Fed employees and work ethic

Anonymous
This. I’m a DOJ attorney. I posted this in another thread but we typically work 60-80 hour weeks at my component. I was forced to skip about half of my third trimester prenatal/MFM appointments because of court obligations. No one here is living particularly well.


This. I once worked 16 hours straight and sat in front of my computer so long I pinched a nerve in my back. Got up the next morning in terrible pain and attended meetings. I have done witness interviews with a 103.5 fever, spent 6 weeks away from my family at a time, and been late or absent for many kid events. And now, as I look at my kids' small 529 account and hear all the hatred toward federal workers, I wonder why the heck I am such a sucker. I should have stayed in Biglaw and made bank. Forget the interests of the American people, because they hate us and revel in the possibility that we will be fired.
Anonymous
I know a few people like OP mentions in the federal workforce, but I also know plenty of federal contractors that work remotely for these large companies doing the exact same thing. There needs to changes all around.
Anonymous
Anonymous wrote:I'm a non fed with a few fed and state gov friends/acquaintances. For years I've always been mildly annoyed at what I've seen in terms of their work ethic. I get annoyed bc it is such a waste of taxpayer dollars which is paid by every single one of us.

I do think that gov employees should be able to be fired for poor performance etc. I do think gov workforce should be cut bc there are too many fat cats.
Some gov friend stories:
One friend barely works and spends most of her time shopping and texting friends her various shopping finds during the day.
One friend has weeks and weeks of ptonbc she doesn't have to take any. If she needs a day or a few off she only has to check email once or maybe make a call and she does not need to take pto for the entire 8 hrs
One person I know who works for a hhs told me that her job involves supervising others but she literally just does zero work all day long. She works on her side business.
I could go on.

So I personally am looking forward to a trimmed down government employee model. I'm sure this will get a lot of hate. But this is just my own opinion after years of observation.

Typical MAGA talking points.
If you’re spending so much time monitoring your “friends” working hours when are you doing your own?
Anonymous
OP, it is entirely possible that your 3 examples are just genuinely bad employees with a bad work ethic. I can see why that would make you feel as you do. I don’t like that either and, as a long time fed get mad about that because they make the honest hardworking feds look bad. In my career the bad actors have been the exceptions.

I would ask that you genuinely consider if these 3 people accurately represent a ~3 million person work sector (is that right? whatever the exact #, you get the idea) that covers diverse fields but also diverse positions from say lawyers and engineers through clerical and maintenance staff.
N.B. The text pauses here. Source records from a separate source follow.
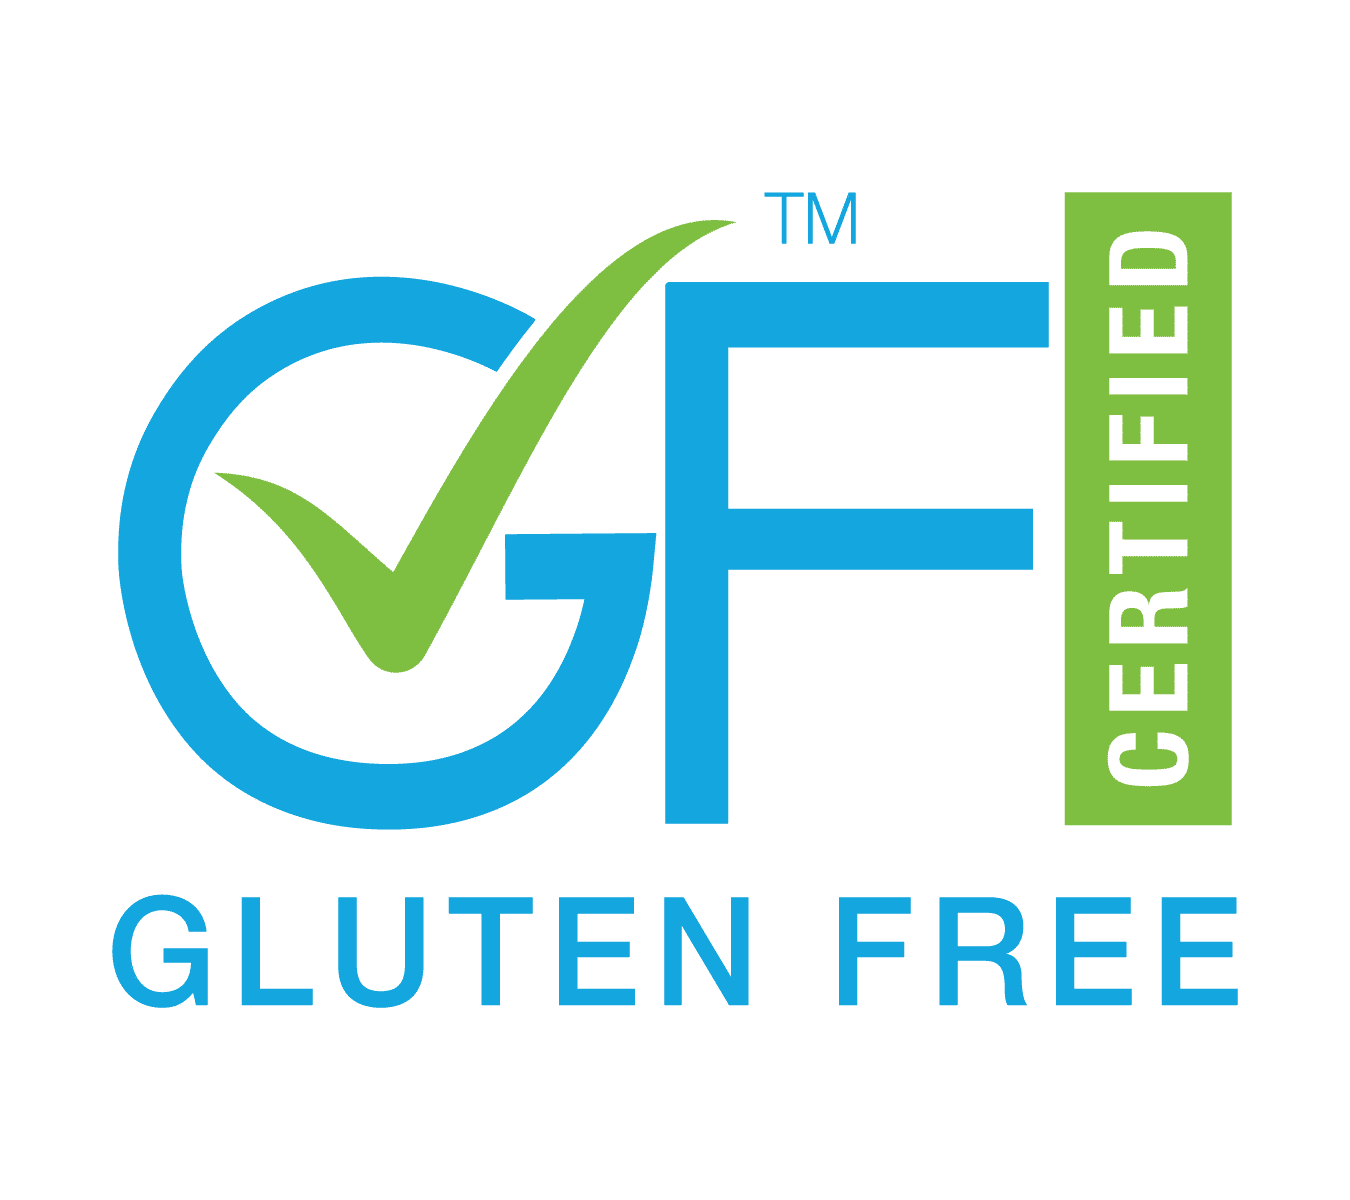 gluten-free certification for restaurants - gluten free food program
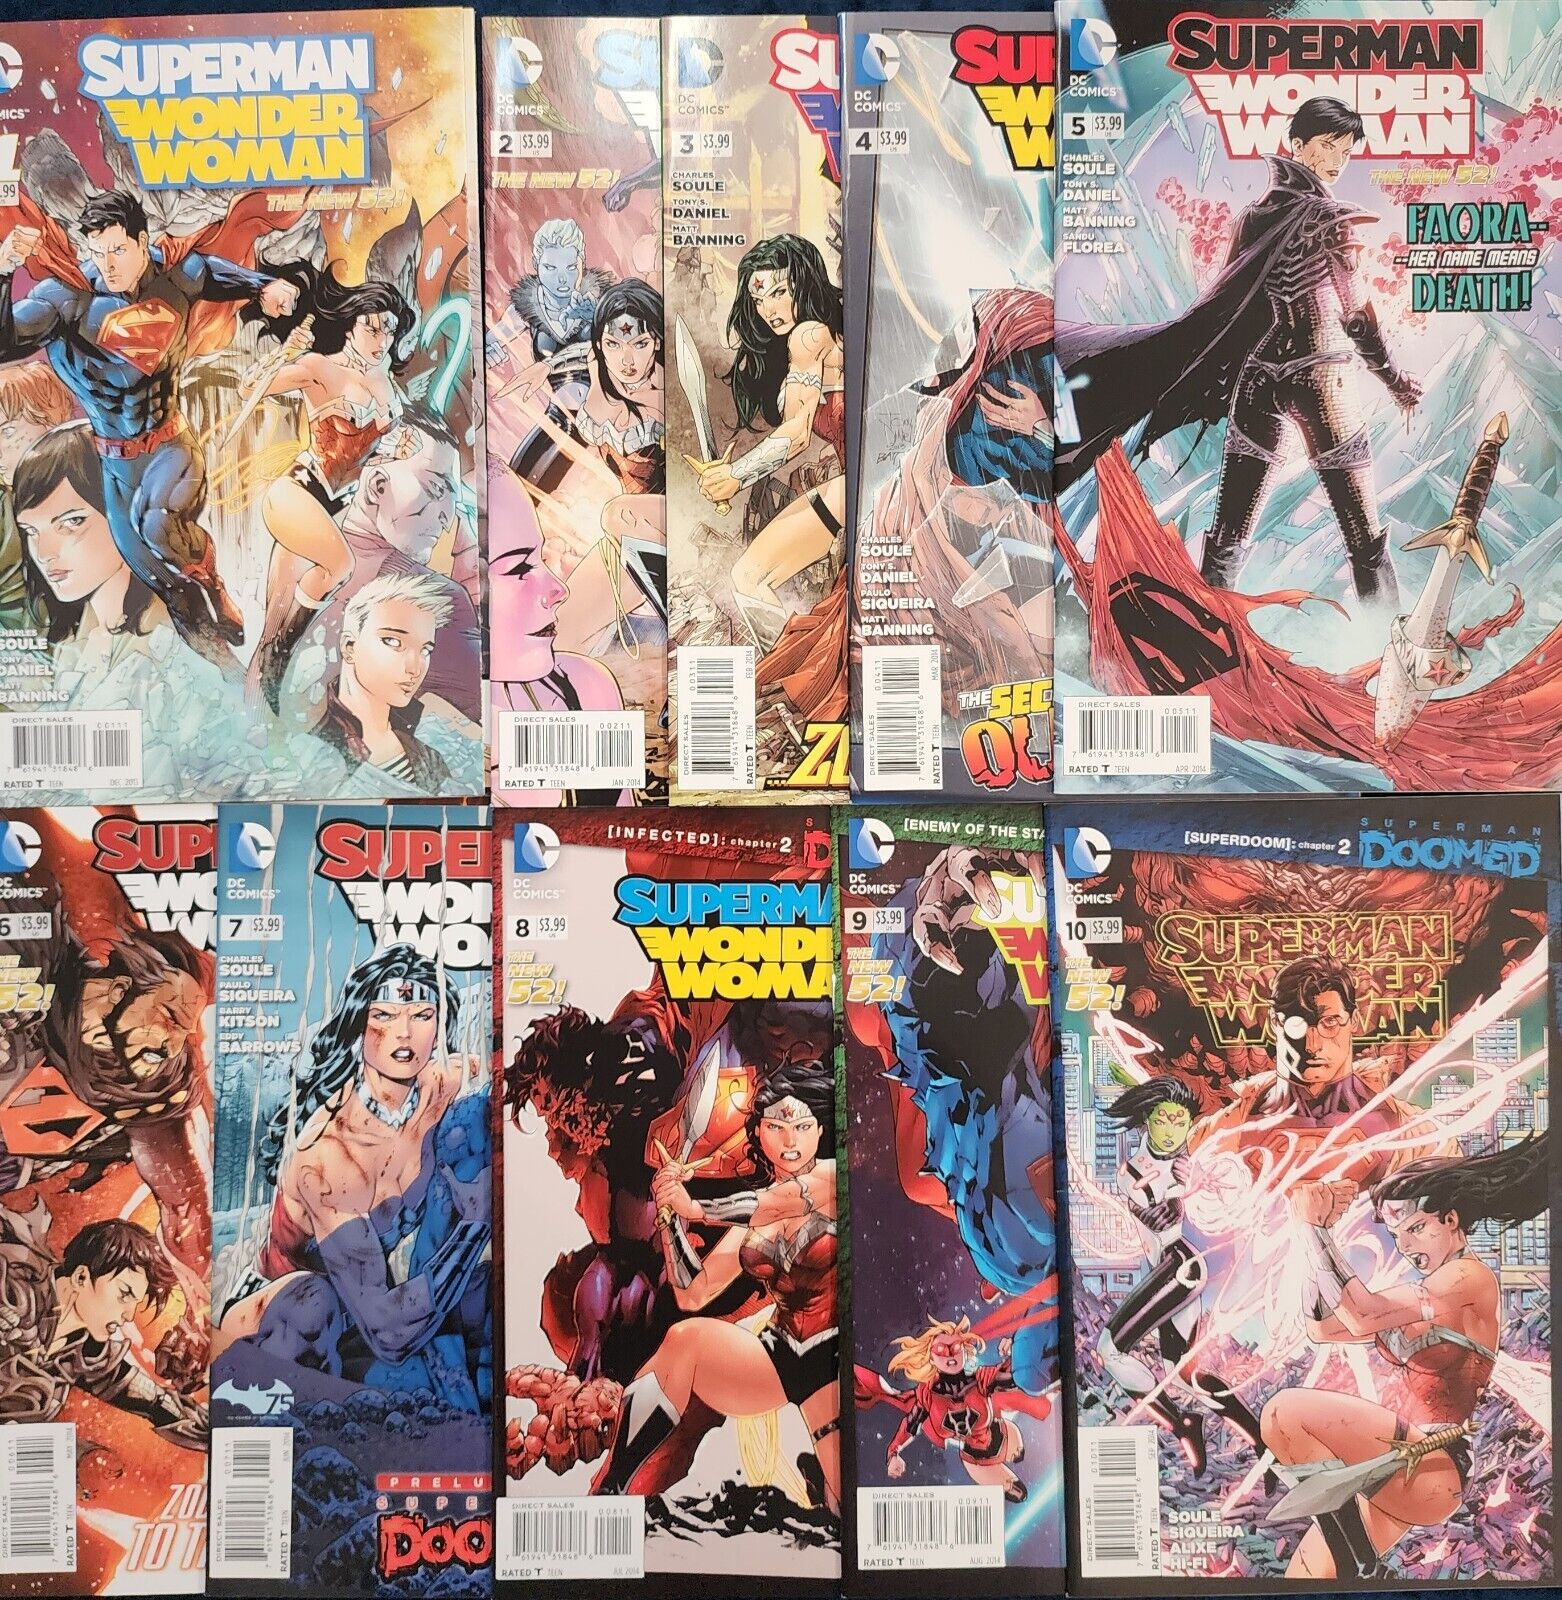 Superman/Wonder Woman #1-10 New 52 DC Comic Book Set/Lot FAORA Key 2013 Doomed
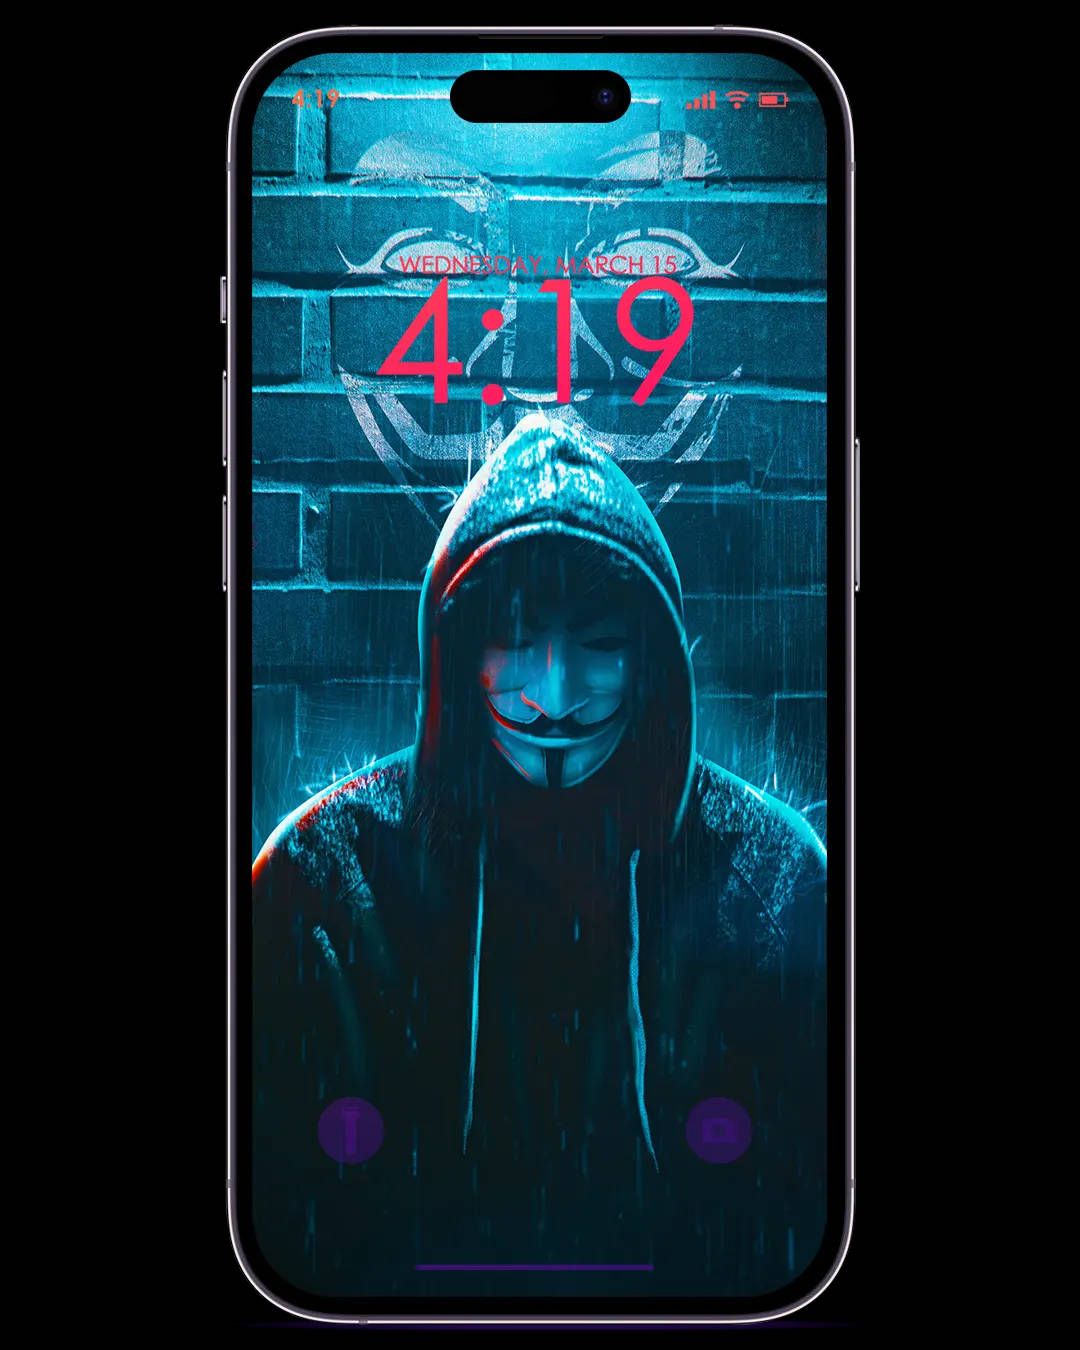 Anonymous Hacker Wednesday Mobile Phone er en ren vægtegning Wallpaper

It might be akin to having 2 bad plumbers and deciding all tradespersons are inept.

Then consider the vast # agencies that all have their own scheduling and telework policies. Plenty can step away for an hour or two so long as they get the hours in on a flex schedule. As in the general workforce, I am sure some abuse or take advantage.

The government is certainly not exempt from bad employees the same as any employer, and I agree they should be able to get rid of them more easily than they sometimes are. In my experience, which may be specific to my unique agency, by and large we do get rid of poor performers though it takes a long time. I would welcome thoughtful effective changes and would be happy to see that. The slash and grab or burn it all down mentality is not that though and I think is not in the country’s overall best interests.
Anonymous
Anonymous wrote:
Anonymous wrote:We have the same problem in corporate America. There are the hard workers and then those who skate by. It took me almost a year to fire a person who was doing basically no work.


For every Fed worker reading a newspaper I see a nepo hire. There are inequalities all over.

The Feds are the last bastion of MC life though where the expectation is just 40 hour weeks for many and some stability, the same deal corp workers had in the 60s. I can see why the corporate masters want to end it.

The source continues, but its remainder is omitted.